Carlene McKain et al., Appellants, v Metropolitan Transportation Authority et al., Respondents.
[712 NYS2d 380]
[MAJORITY]
—In an action to recover damages for personal injuries, etc., the plaintiffs appeal from an order of the Supreme Court, Queens County (Schmidt, J.), dated June 30, 1999, which granted the defendants’ motion for summary judgment dismissing the complaint and denied their cross motion, in effect, to impose a sanction upon the defendants for the spoliation of evidence.
Ordered that the order is affirmed, with costs.
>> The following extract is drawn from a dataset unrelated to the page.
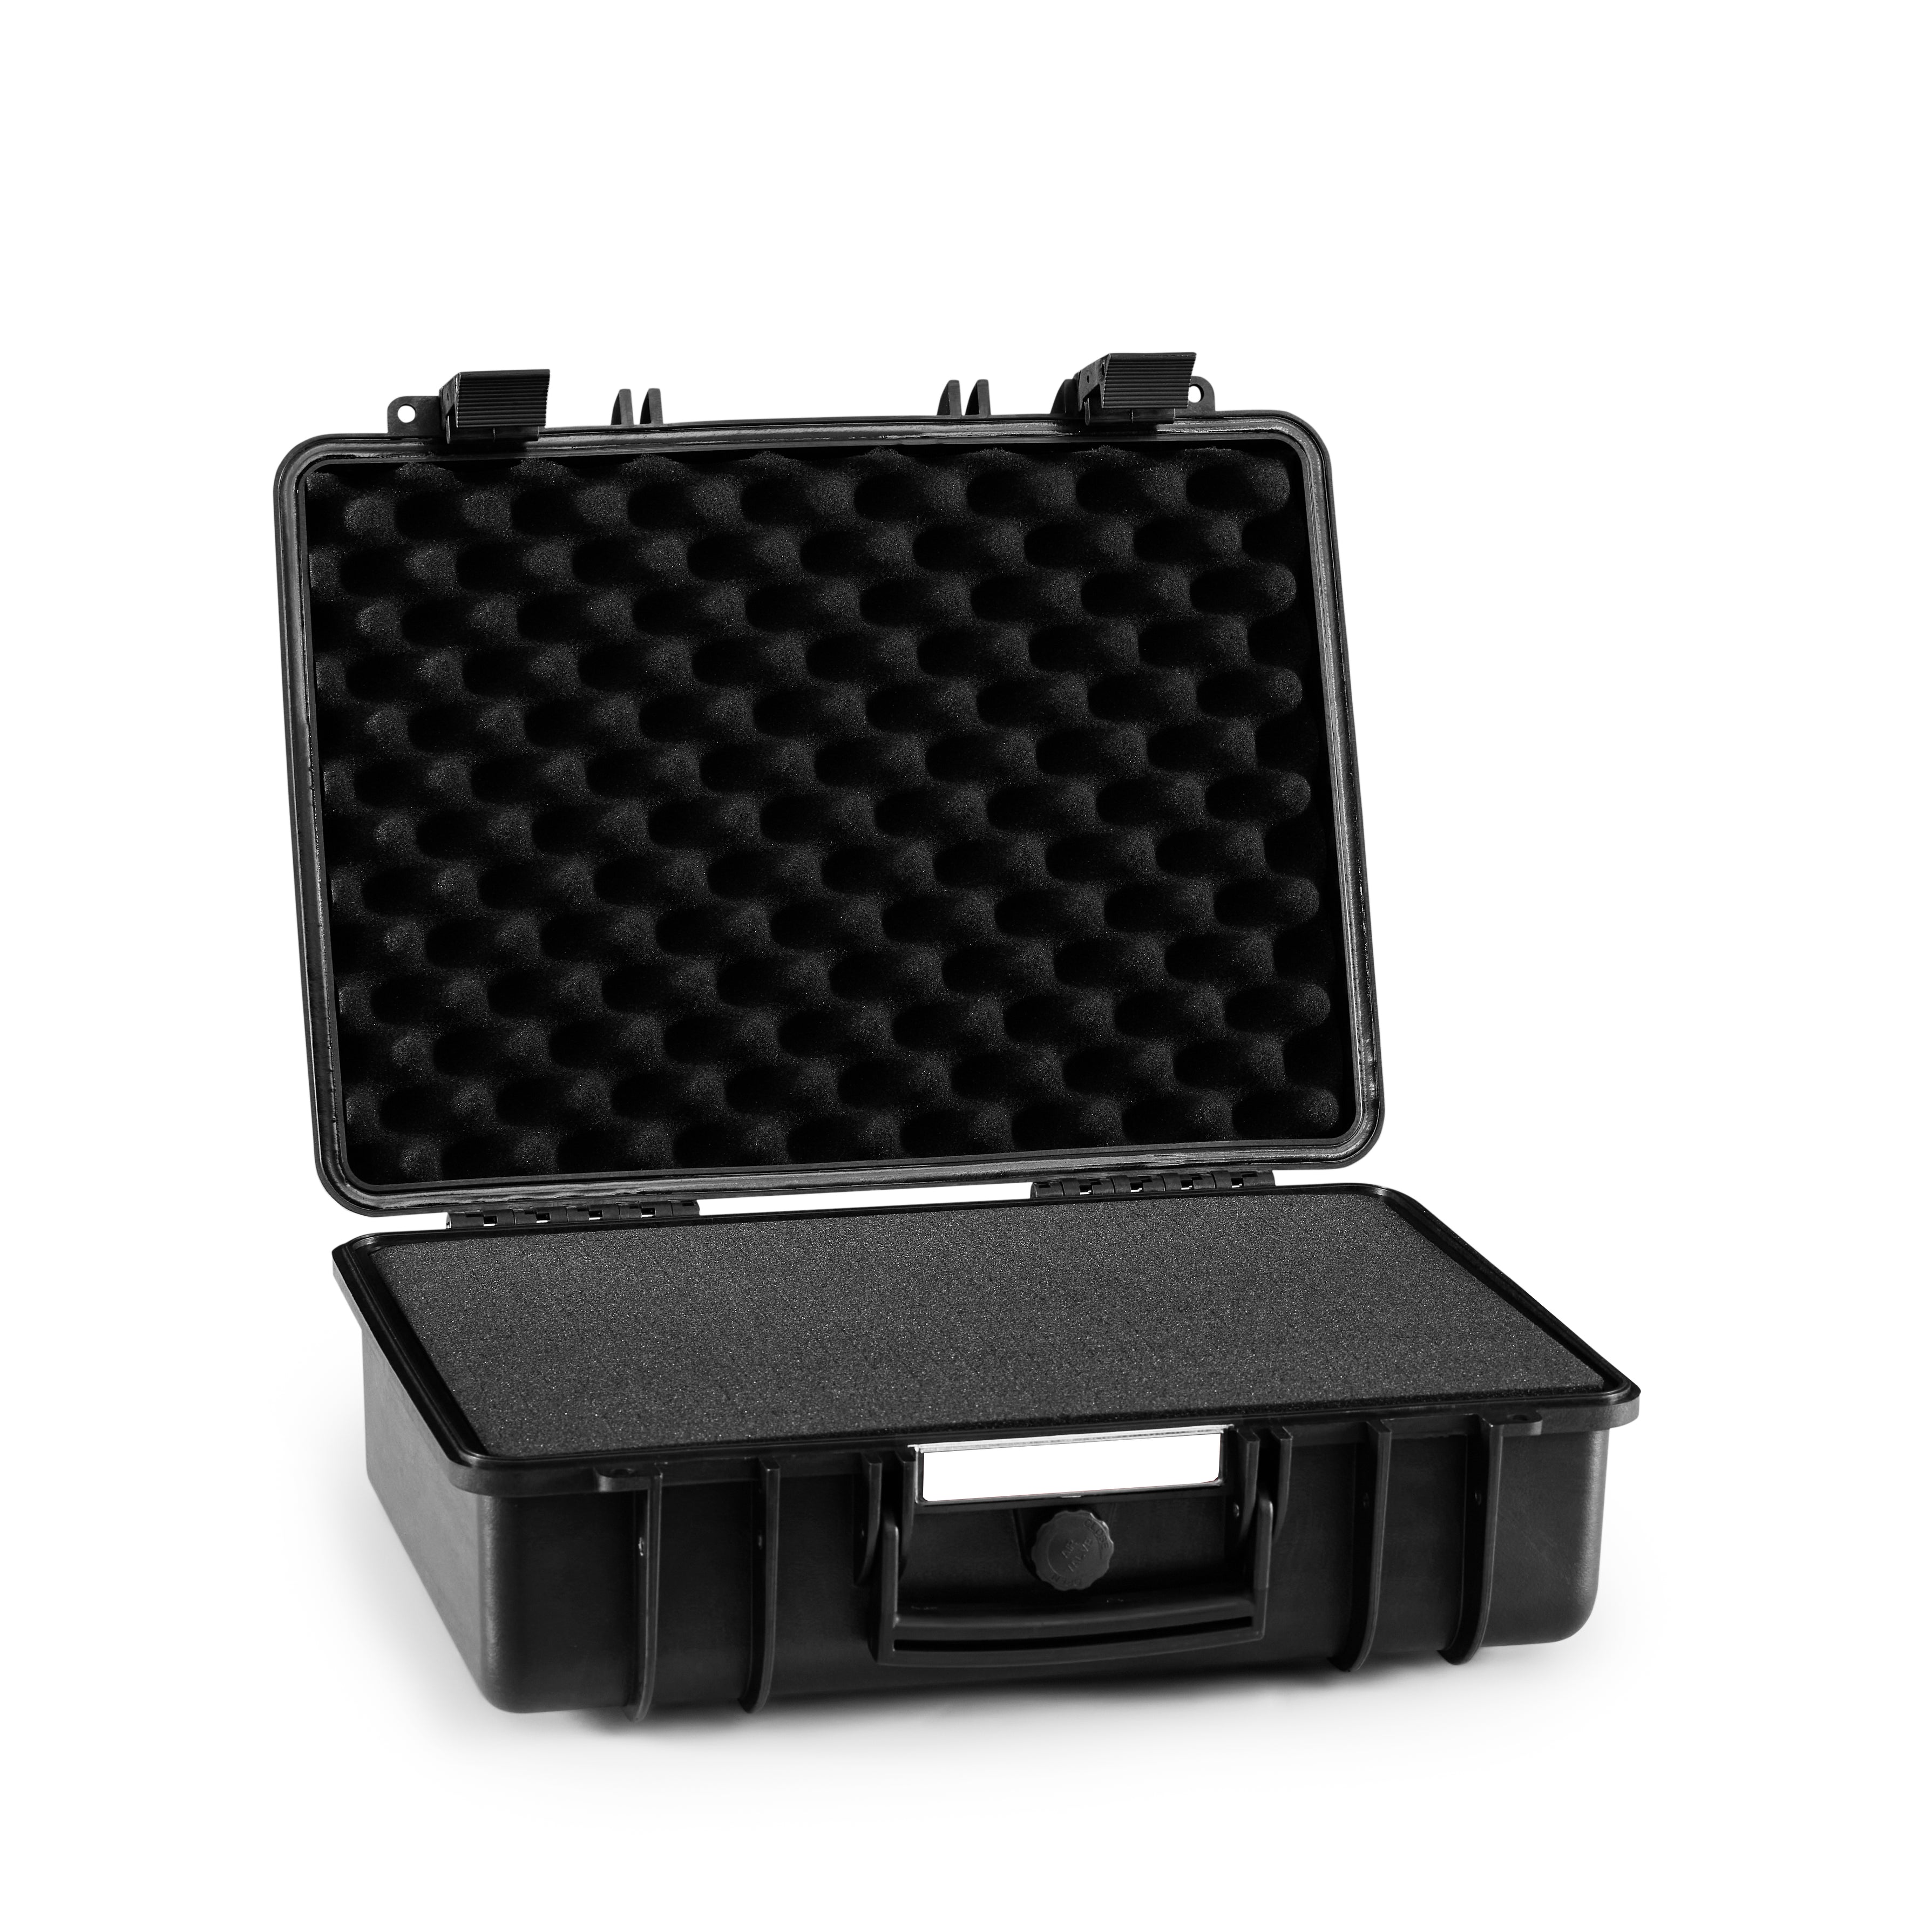 BluBox Waterproof Medium Carry Case 1712

The Supreme Court properly granted the defendants’ motion for summary judgment dismissing the complaint. The defendants established a prima facie case showing entitlement to judgment in their favor as a matter of law. The record contained no evidence from which it could be concluded that the defendants had actual or constructive notice of the defective condition which allegedly caused the plaintiffs fall (see, Carlos v New Rochelle Mun. Hous. Auth., 262 AD2d 515; Schultz v New York Racing Assn., 253 AD2d 489; Paul v New York City Tr. Auth., 244 AD2d 322).
The Supreme Court properly denied the plaintiffs’ cross motion to impose a sanction for the spoliation of evidence (see, Moore v Eyzenberg, 270 AD2d 468; Popfinger v Terminix Intl. Co. Ltd. Partnership, 251 AD2d 564). Bracken, J. P., O’Brien, Thompson and Florio, JJ., concur.